Efectivamente, hay en el mundo otros lugares sin víboras (como Irlanda donde las exterminó, según la leyenda, San Patricio) pero que tienen relámpagos y truenos. Hay también otros lugares sin rayos y truenos (como desiertos sin tormentas), pero que tienen serpientes. Ambas carencias, sin embargo, interseccionan de manera única en Tierra del Fuego.

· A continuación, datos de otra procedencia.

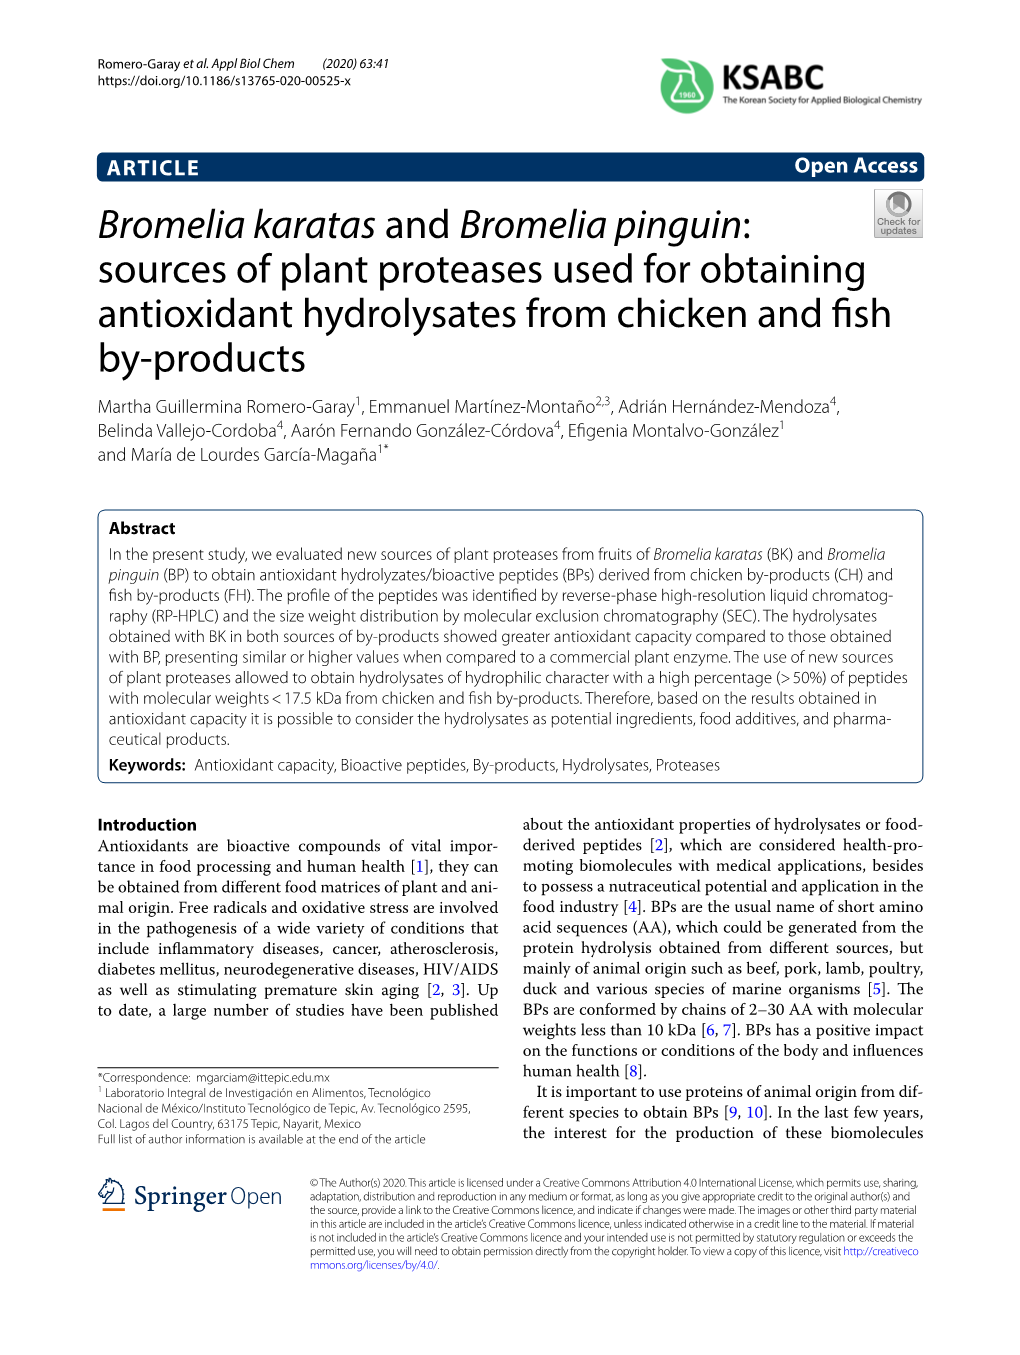 Bromelia Karatas and Bromelia Pinguin: Sources of Plant Proteases

Pero por supuesto que de ningún modo el asunto en cuestión aquí es una particularidad zoológica o brontológica. La intuición poética de Ricardo Rojas apunta directamente a la profundidad figurativa de las marcas de ausencia fueguinas. Esas que cuando uno explora a la luz de los sitios arquetípicos nos devuelven una primera certeza negativa respecto de nuestra tierra: esta isla nunca fue el sitio del perdido jardín del edén. No sólo por la falta del animal maldito que causó la expulsión del hombre del paraíso sino también por la ausencia del creador supremo, ya que el trueno, en la hermenéutica bíblica, resulta ser siempre la voz de dios. Por las mismas faltas, la isla tampoco pudo ser la incierta ubicación del jardín de las Hespérides, donde los reptiles custodiaban el árbol del fruto de la inmortalidad y donde además Hera, su dueña, se casó con el mismísimo dios del rayo.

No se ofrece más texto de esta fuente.